Dans le chapitre consacré à la rémunération des artistes, le rapport suggère ainsi d'assurer une rémunération équitable des créateurs, ce qui l'amène à considérer que "l'absence de rémunération de leur droit de présentation publique par les diffuseurs, en particulier les collectivités territoriales, ne peut perdurer". Pour assurer l'effectivité de ce droit, les rapporteurs préconisent "d'assurer l'effectivité de la rémunération de ce droit, ce qui nécessitera, à l'évidence, une entreprise d'ampleur d'information et de sensibilisation des acteurs publics locaux". La commission recommande aussi d'engager une réflexion sur le "1% décoration", qui reste trop souvent ignoré dans la programmation des travaux ou bénéficie davantage aux cabinets d'architectes (en étant intégré à la conception des bâtiments) qu'aux "artistes visuels".
Sans se prononcer ouvertement en sa faveur, le rapport se montre intéressé par une piste évoquée par certaines des personnes auditionnées, mais aussi par la Cour des comptes, qui consisterait à mettre en place un financement du régime à trois composantes : un socle de solidarité interprofessionnelle qui ne prendrait en charge qu'une partie du déficit, des cotisations d'assurance chômage des employeurs modulées en fonction de l'intensité de leur recours aux CDD d'usage et, enfin, "le remboursement par l'Etat et les collectivités territoriales, donneurs d'ordre à grande échelle dans la production de spectacles et la création d'emplois intermittents, au titre de leur politique culturelle, d'une partie des sur-cotisations dues par les employeurs les plus touchés par la modulation du taux de cotisation, en fonction d'objectifs et d'informations précis et opposables". Pour les rapporteurs, les collectivités auraient également un rôle à jouer dans le soutien à des expériences innovantes pour améliorer la qualité de l'emploi artistique et l'accompagnement des jeunes artistes.
Les collectivités auront-elles les moyens ?
Lors de l'examen du rapport en commission des affaires culturelles, des députés ont également insisté sur le rôle des collectivités dans la régulation du marché du travail, en estimant que "les collectivités territoriales et l'Etat doivent assurer et vérifier le paiement intégral des salaires pour les spectacles qu'ils programment". D'autres ont fait part, en revanche, de leurs réserves sur certaines propositions, en insistant sur le fait qu'"augmenter la durée d'emploi des personnels en augmentant le nombre de représentations est une dépense supplémentaire que ces collectivités ne peuvent pas forcément assumer".

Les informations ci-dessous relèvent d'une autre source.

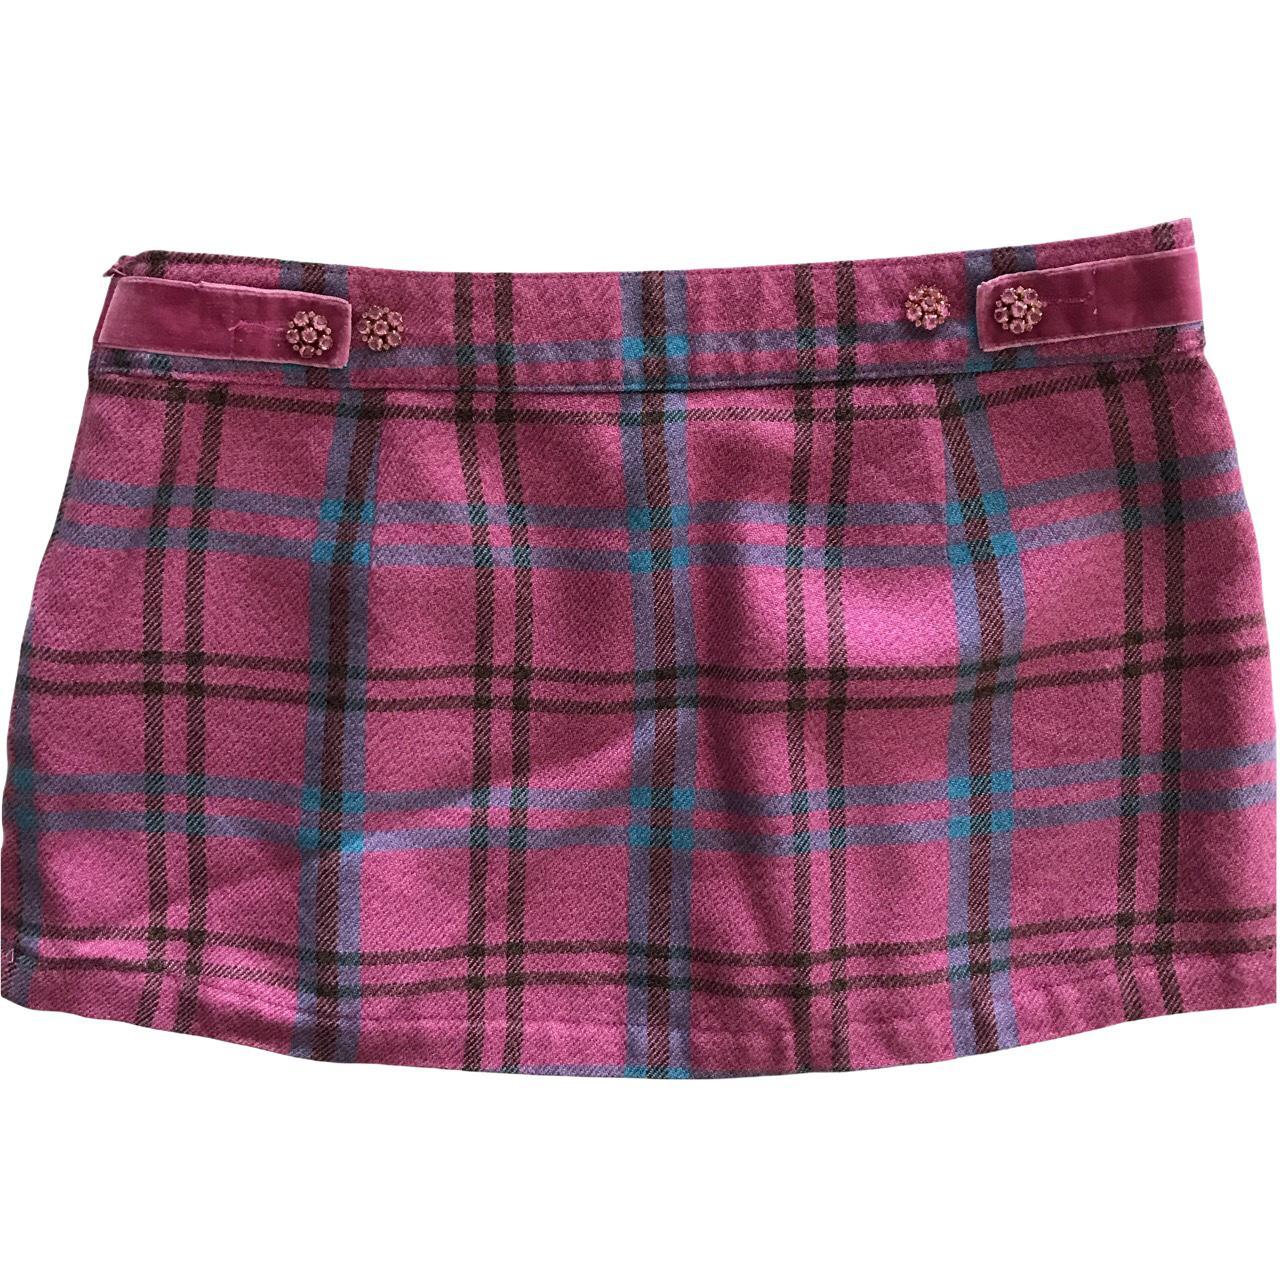 Abercrombie & Fitch Women's Pink and Blue Skirt (3)

Parmi les autres propositions du rapport - de portée plus générale même si certaines concernent aussi les collectivités - on retiendra notamment la lutte contre la précarité et la permittence (intermittents employés de manière permanente) dans l'audiovisuel, l'intensification de la lutte contre le travail dissimulé dans le secteur du spectacle, l'adoption de mesures législatives sécurisant la pratique amateur par la fixation d'un certain nombre de critères, une contribution chômage accrue pour les intermittents "les mieux insérés sur le marché du travail", le rapprochement entre la Maison des artistes et l'Agessa, ou encore la poursuite de la structuration professionnelle du secteur artistique.